Associativity of addition is like having a friendly agreement about the order in which you add numbers. It doesn't matter how you group them, as the result will be the same.
When applied to functions, this means if you have three functions \(F\), \(G\), and \(H\), the way you add them together doesn't change the outcome. Say we want to add them and we start by adding

• \(F + G\)

first and then add \(H\), or if we first add

• \(G + H\).

Either way, you get the same final function. Mathematically, this is written as:

• \((F+G)+H = F+(G+H)\).

For each element \(a\) in \(A\), the associative property ensures that:

• \((F(a) + G(a)) + H(a) = F(a) + (G(a) + H(a))\)

thanks to the associativity of real numbers.
It's like picking up three smoothie drinks and mixing them; no matter the glass sequence, the flavor remains constant.

Additive Identity

Think of an additive identity as the "zero" of combining things - it doesn't change anything you add it to. For functions mapping from \(A\) to \(\mathbb{R}\), there's a special function called "Zero". This function assigns each element in \(A\) the number 0.
The reason \(Zero\) holds the title of additive identity is because it doesn't alter any function you add it to. For a function \(F\), when you add \(Zero\) to \(F\), for any element \(a\) in \(A\), it holds that:

• \((\text{Zero} + F)(a) = \text{Zero}(a) + F(a) = 0 + F(a) = F(a)\).

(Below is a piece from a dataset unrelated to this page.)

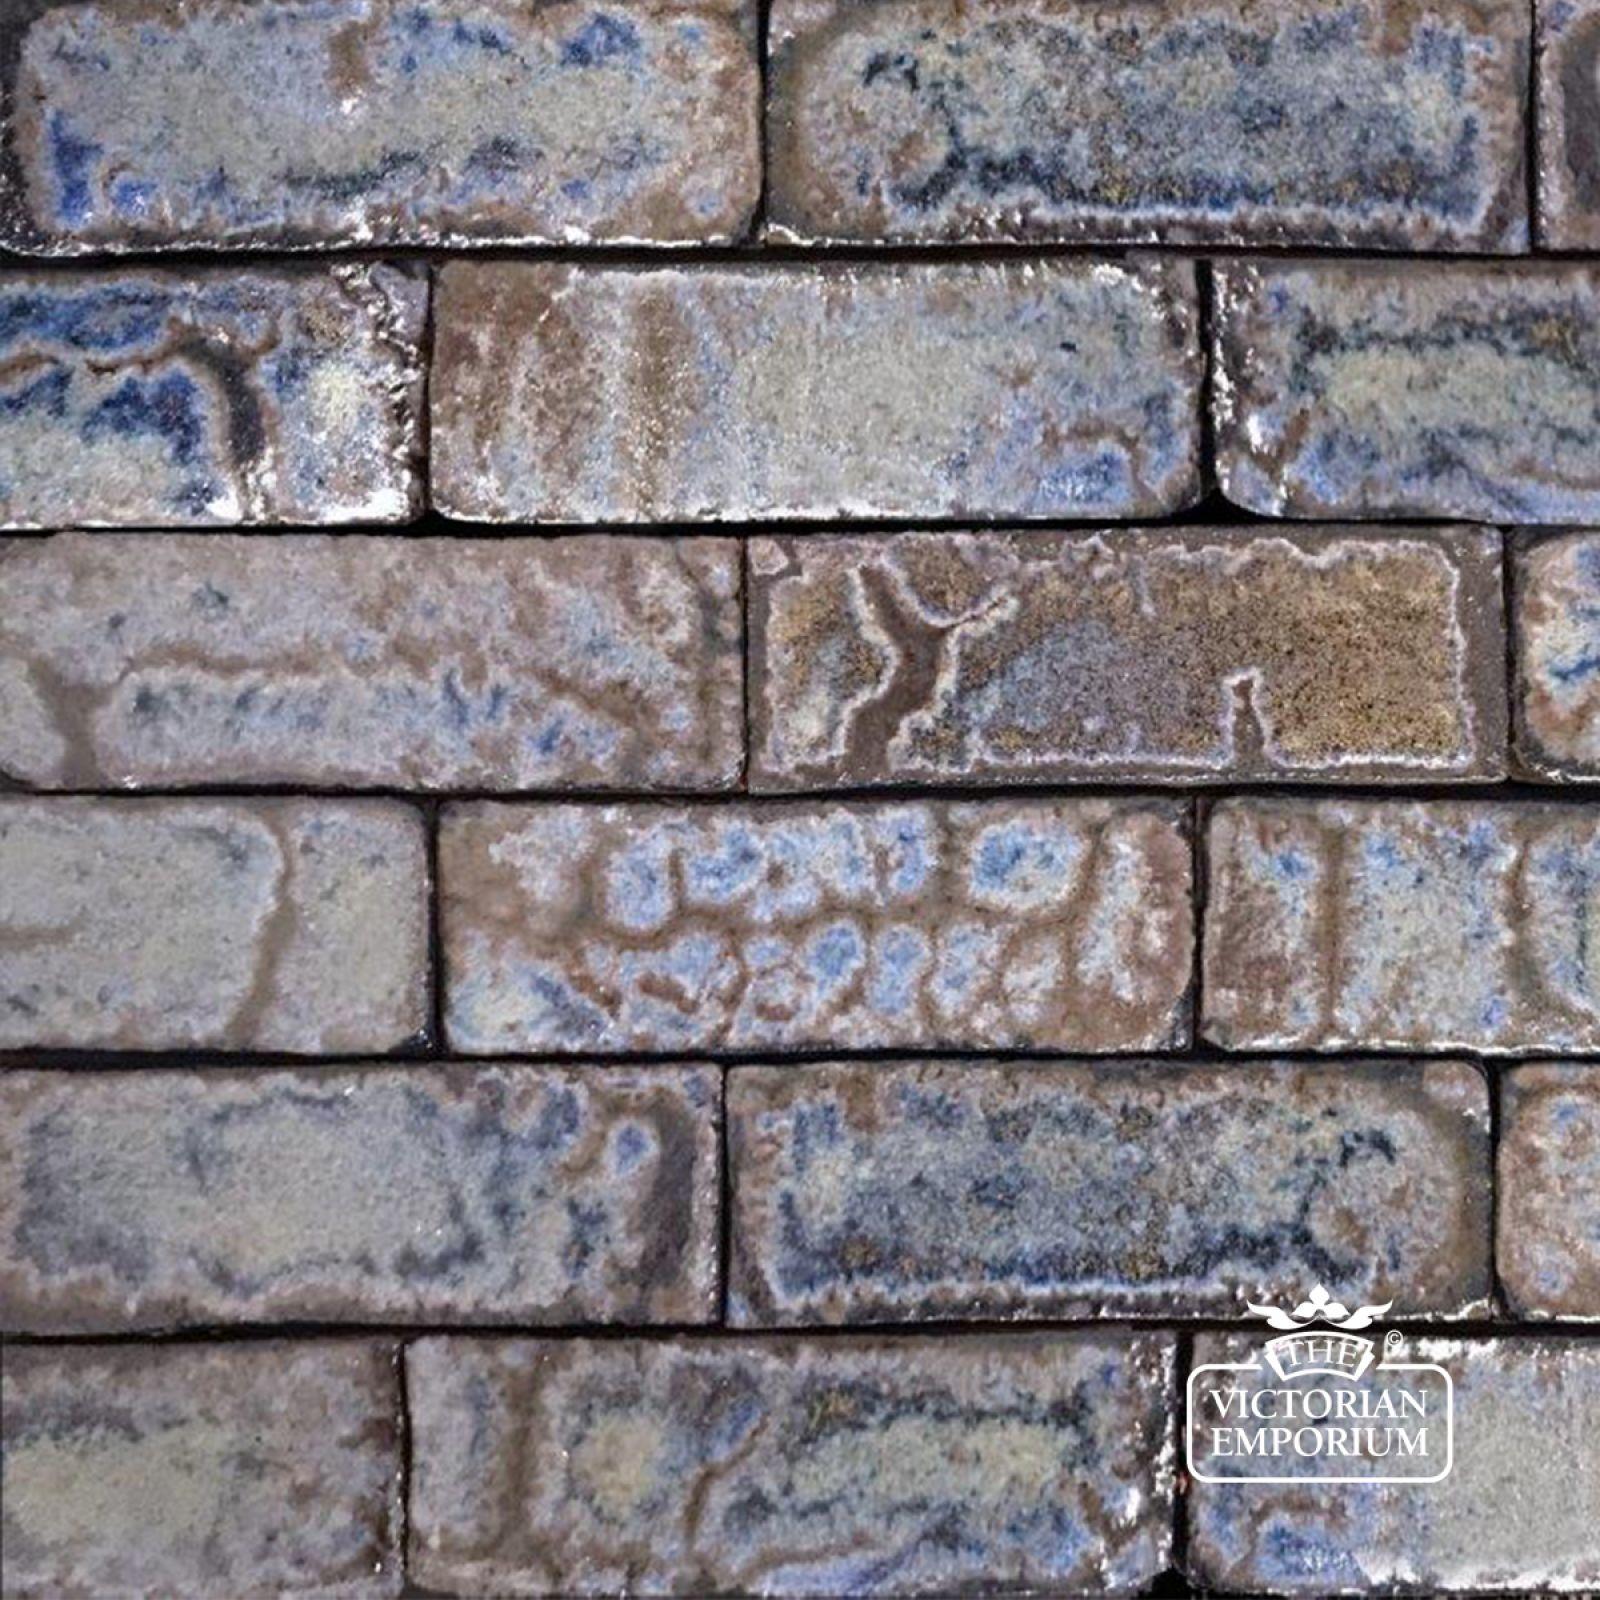 glazed brick slip in azure

It's like having a clear sheet among colored sheets of paper; when put together, it doesn't change the color, just as 0 added to any number keeps the original number intact.
So, \(Zero\) acts as the neutral party within the set of functions \(\mathcal{F}_{A}\).

Additive Inverses

An additive inverse is like the perfect opposite of an element, in this case, a function, that when added together results in a neutral outcome, or zero. For any function \(F\), there's another function \(\bar{F}\) that acts as its twin with opposite traits.
The way \(\bar{F}\) is constructed is by flipping every output of \(F\) to its negative counterpart:
for every \(a\) in \(A\), \(\bar{F}(a)=-F(a)\).
When you add \(F\) and \(\bar{F}\), for each \(a\), you compute:

• \((F + \bar{F})(a) = F(a) + \bar{F}(a) = F(a) + (-F(a)) = 0\).

This means that the pair \(F\) and \(\bar{F}\) come together to give the Zero function, which maps every element of \(A\) to 0.
It's like wearing and removing a hat – together, they bring back your original look, much as \(F + \bar{F}\) restores the additive identity.